A Turkish court has ordered the arrest of a senior military officer on the suspicion of involvement in an alleged army plan to discredit the ruling AK party.
A criminal court in Istanbul arrested naval Col. Dursun Cicek Wednesday evening on the suspicion of membership in a terrorist group, following interrogations conducted by the prosecutors tasked with the Ergenekon case.
The senior military officer had earlier been arrested following the publication of a document in the liberal Taraf newspaper last month which argued that Colonel Cicek had drafted a plan meant to discredit Turkey's governing Justice and Development Party (AKP), as well as the Fethullah Gulen movement, through media campaigns and provocation of public anguish. He was released shortly as his lawyer appealed his arrest.

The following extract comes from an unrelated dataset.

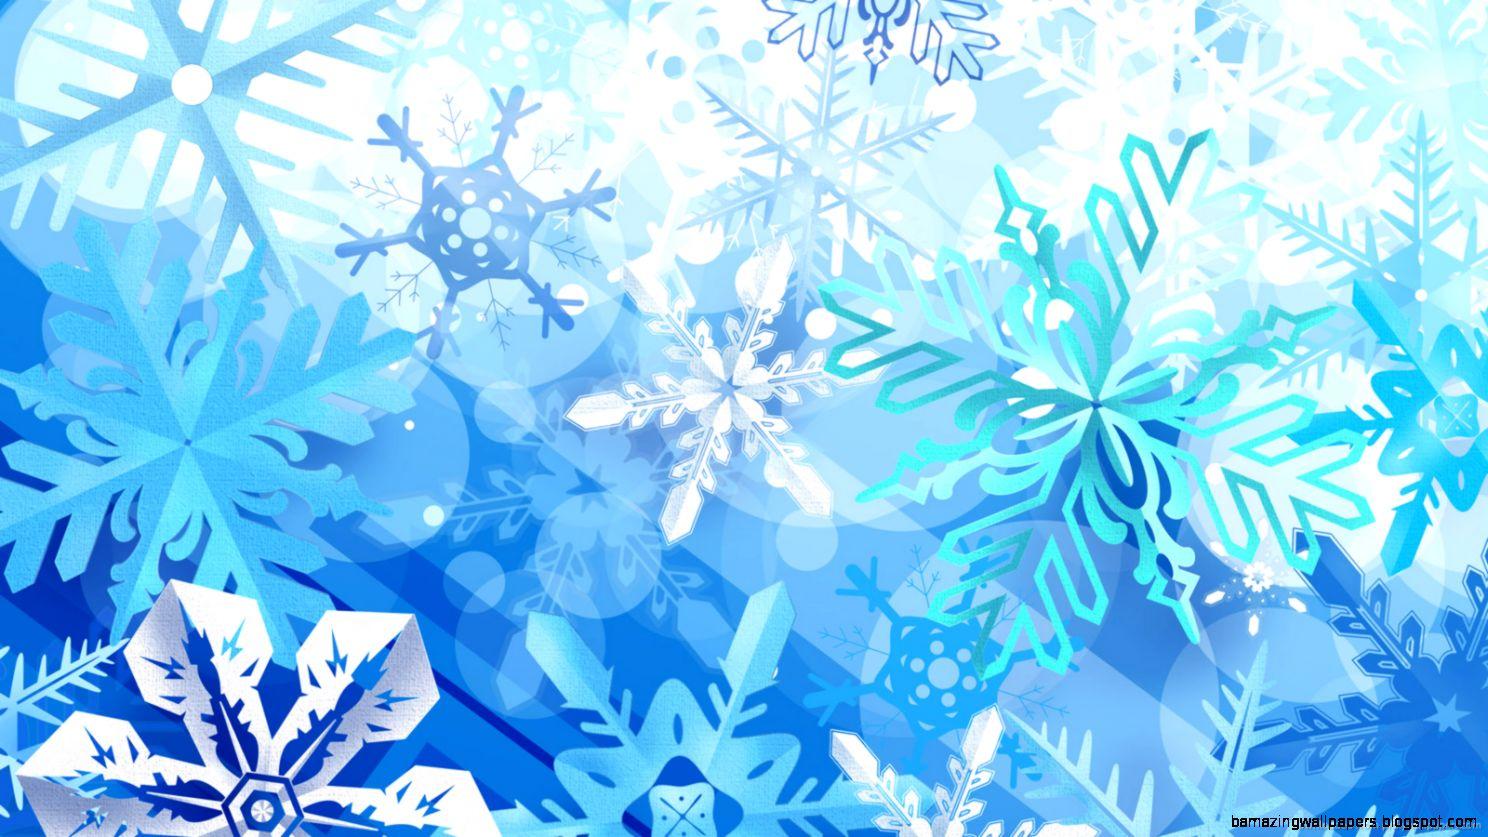 Download 1600x900 Blue Snowflakes Wallpaper

Cicek's arrest comes amid tensions between the AKP government and the secularist military. The detention of the senior military officer is poised to cause a wide controversy and stir heated debates in Turkey, a candidate for the European Union membership.

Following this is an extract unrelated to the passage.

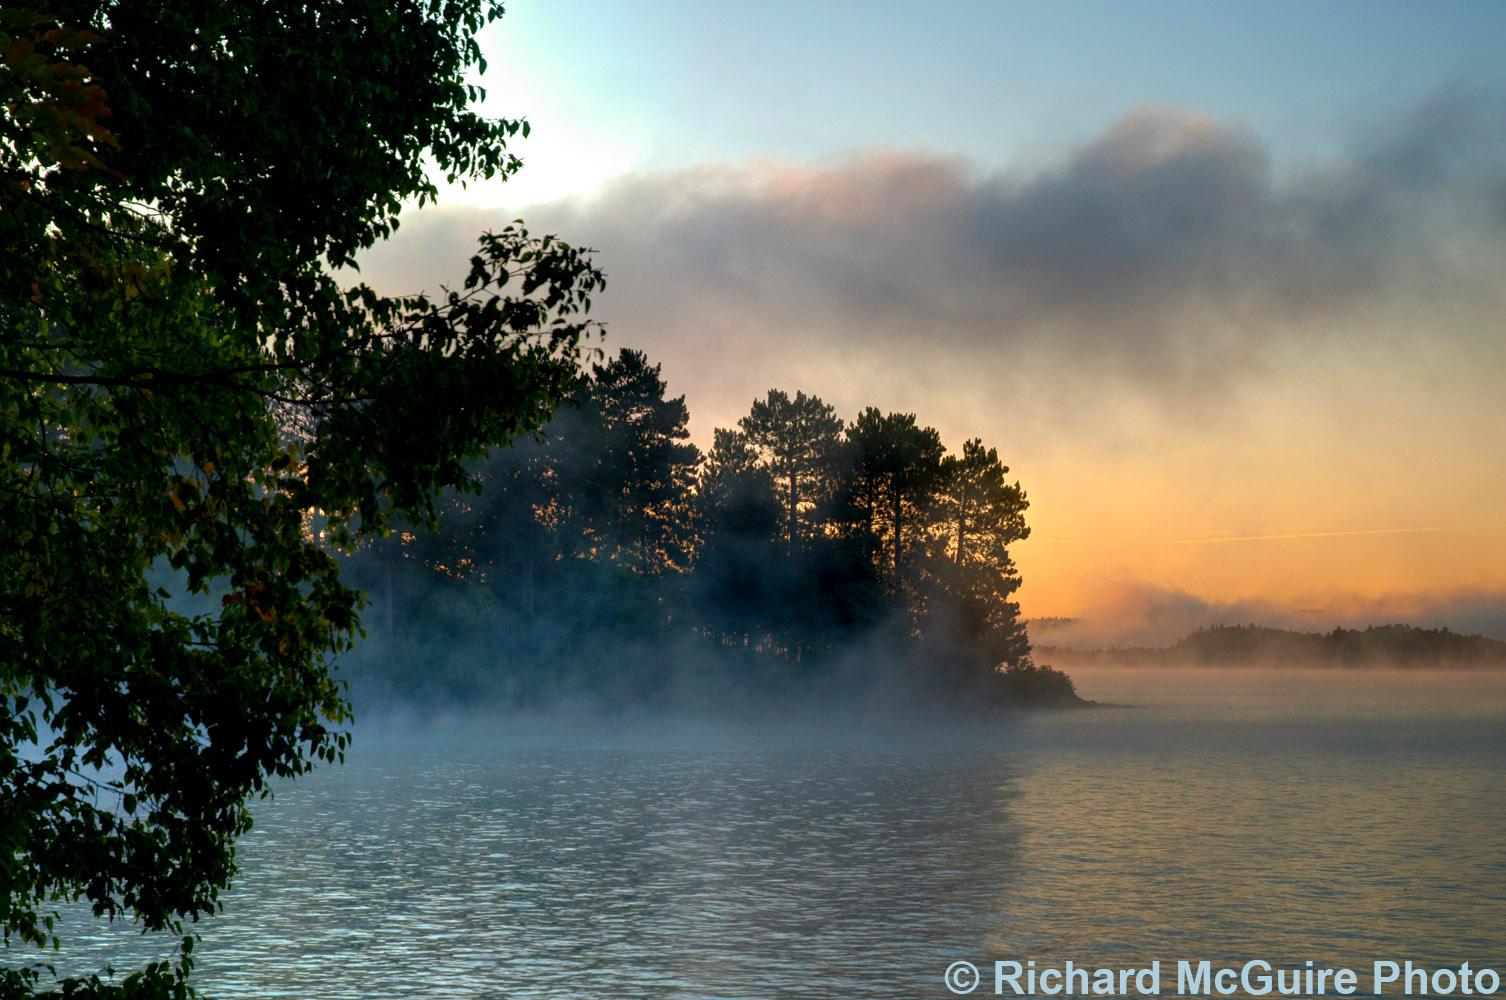 Montreal Richard Mcguire Photo

The Ergenekon case has been filed against more than 200 people on charges that they sought to establish an unlawful organization to provoke a series of events that would pave the way for a military coup against the current administration in Turkey.
The clandestine Ergenekon organization has been indicted of at least two violent attacks -- the bombing of a secularist newspaper in 2006 and an attack on a court in the same year that led to the killing of a judge.